Deze structuren en instrumenten stimuleren afstemming tussen landen, geven invulling aan de respectievelijke ambities van NAVO en EU, bevorderen het aanvullen van het gebrek aan bepaalde defensiecapaciteiten (shortfalls) en versterken Europese slagkracht door taken en capaciteiten te verdelen. Tegelijk illustreert de hoeveelheid verschillende structuren en instrumenten een deel van de complexiteit op het gebied van gecoördineerde samenwerking. Om deze structuren en instrumenten goed te kunnen benutten, wordt voortdurend gesproken met NAVO-bondgenoten en EU-partners. Ook de organisaties onderling zullen nauw moeten samenwerken. Dit past in de Nederlandse inzet om EU-NAVO samenwerking te blijven versterken.
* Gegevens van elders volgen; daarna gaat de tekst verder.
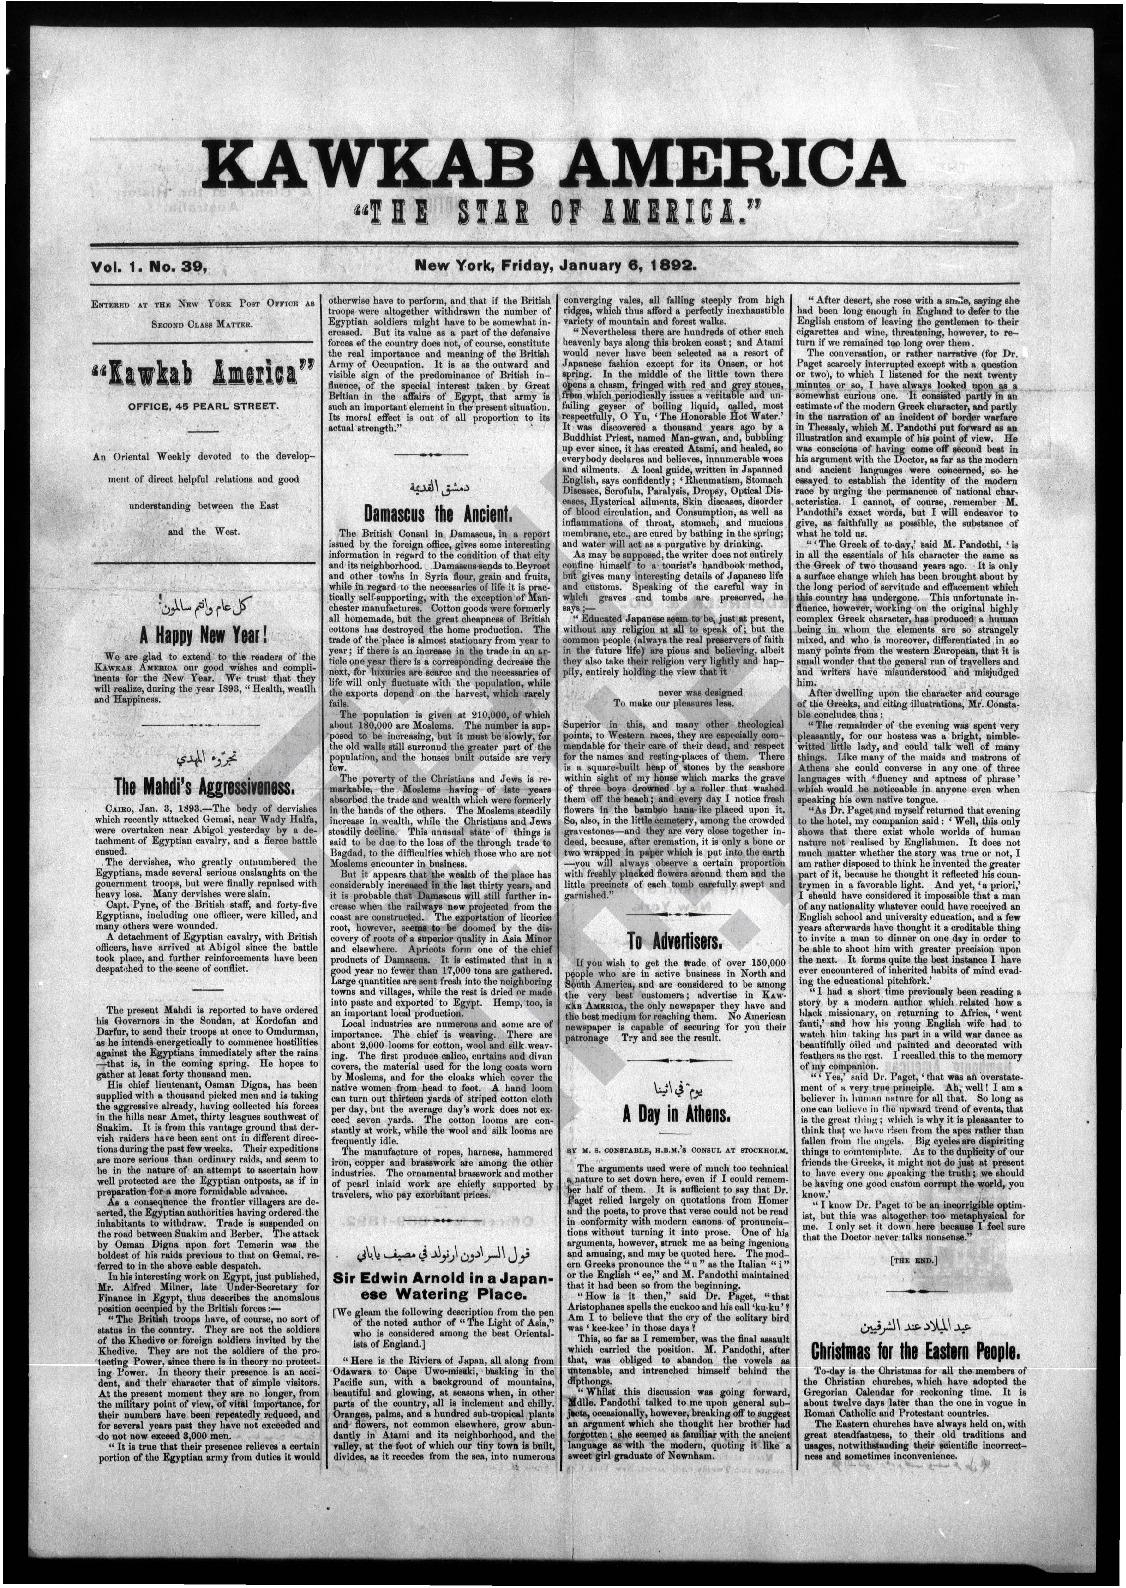 kawkab amirka_vol 1 no 39_jan 6 1893_wmc.pdf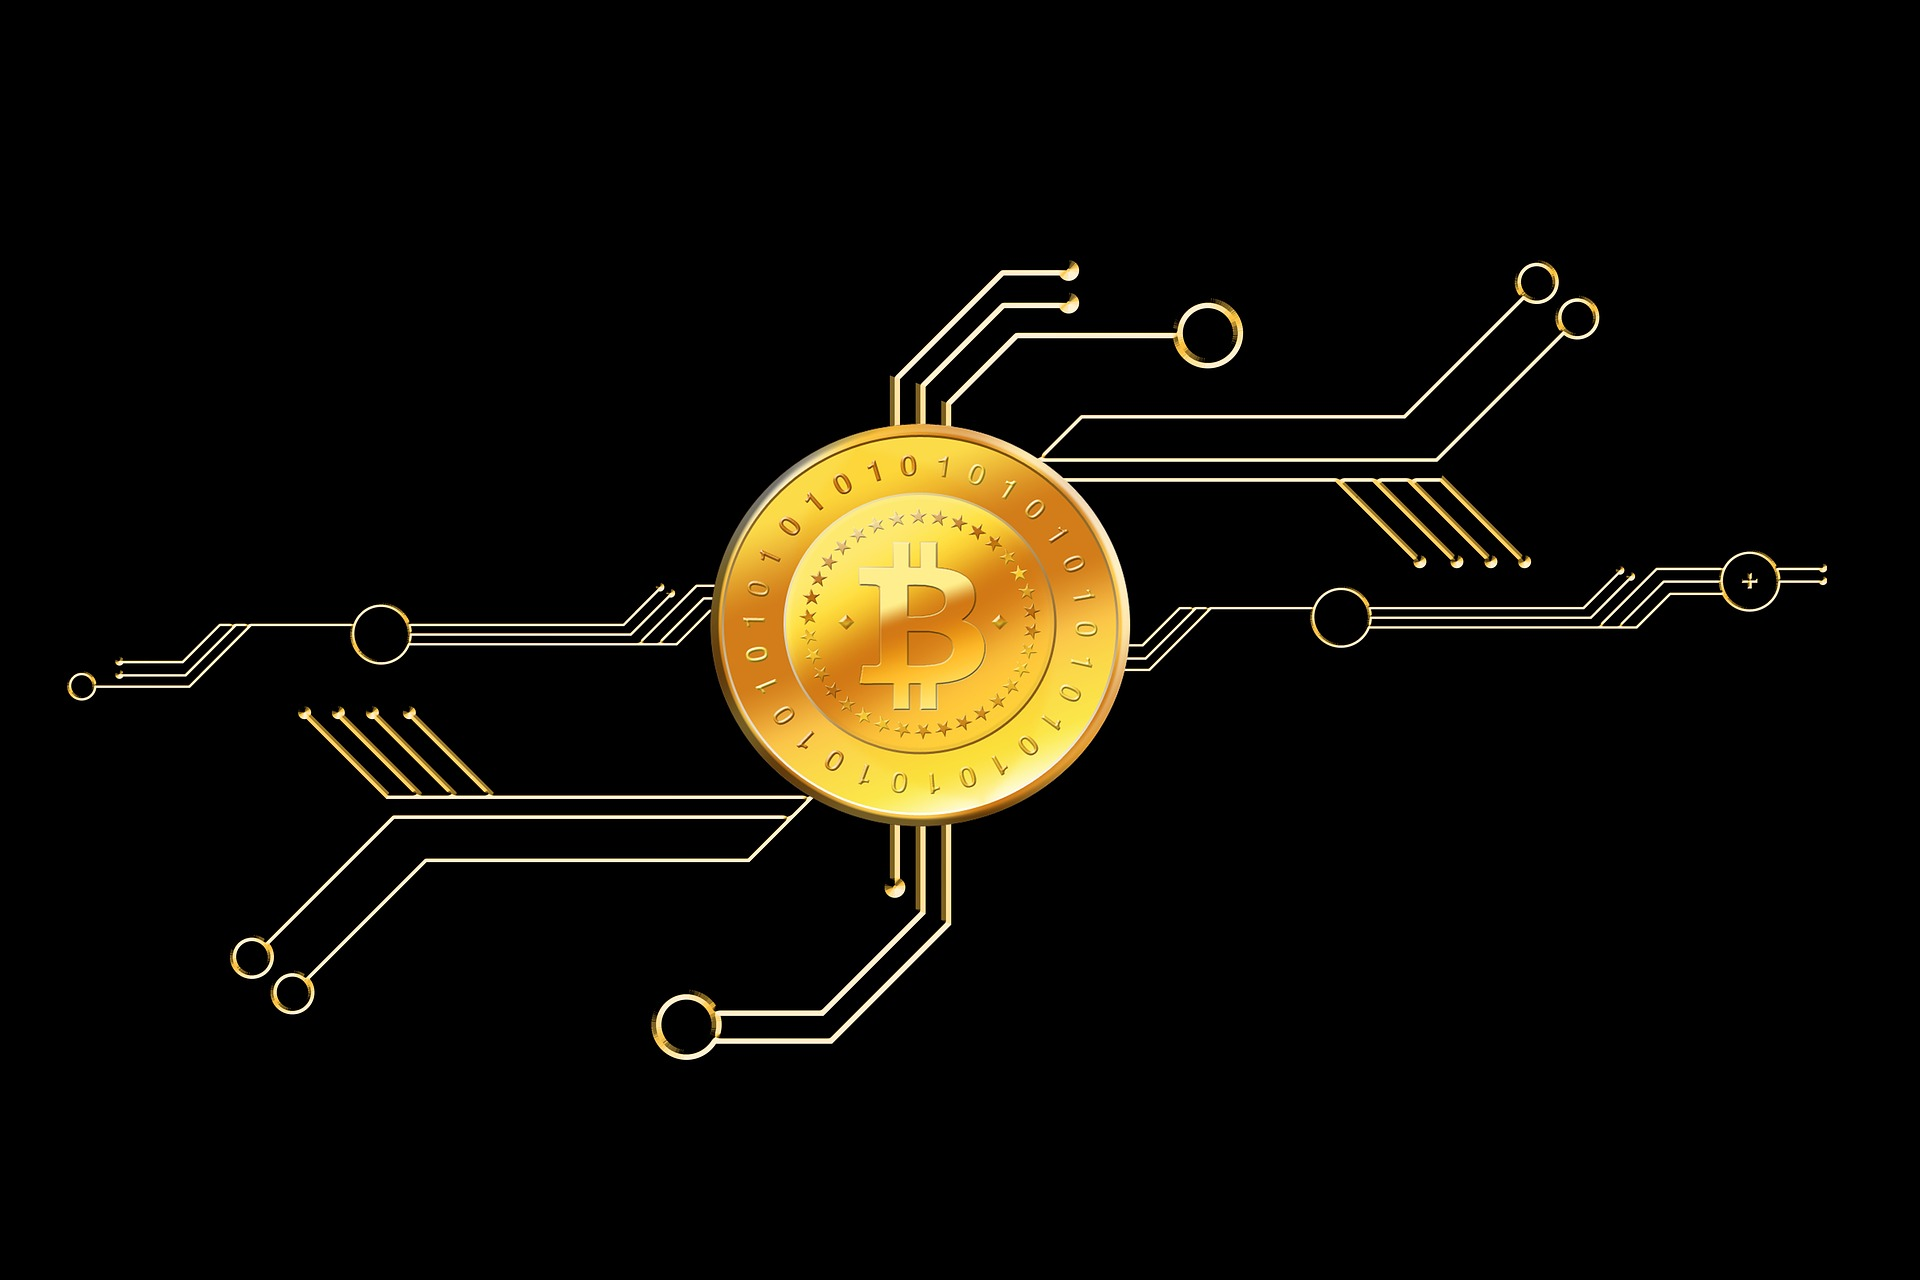 Vartisť Bitcoin dosjagla novogo rekordu

Behalve via NAVO en EU is Nederland ook onderdeel van andere internationale samenwerkingsverbanden. Voorbeelden hiervan zijn de Duits-Nederlandse landmacht-samenwerking; de Engels-Nederlandse amfibische samenwerking; de Belgisch-Nederlandse marine-samenwerking; de langdurige inzet in NAVO-verband of in coalities, zoals in Litouwen via Enhanced Forward Presence en in Irak via de anti-ISIS coalitie en de NATO Mission Iraq; maar ook bijvoorbeeld regelmatige terugkerende oefeningen zoals Cold Response in Noorwegen en Joint Project Optic Windmill in de Peel en Frysian Flag in Leeuwarden. Meer recent wordt met partners actief gewerkt aan pooling and sharing concepten, zoals bij de MRTT.5 Ook in het kader van specifieke dreigingen, zoals bij de luchtruimbewaking en bij de beveiliging van de Noordzee en de onderzeese infrastructuur, wordt intensief met (strategische) partners gewerkt, in lijn met de motie van het lid Valstar c.s. (Kamerstuk 36 200 X, nr. 26).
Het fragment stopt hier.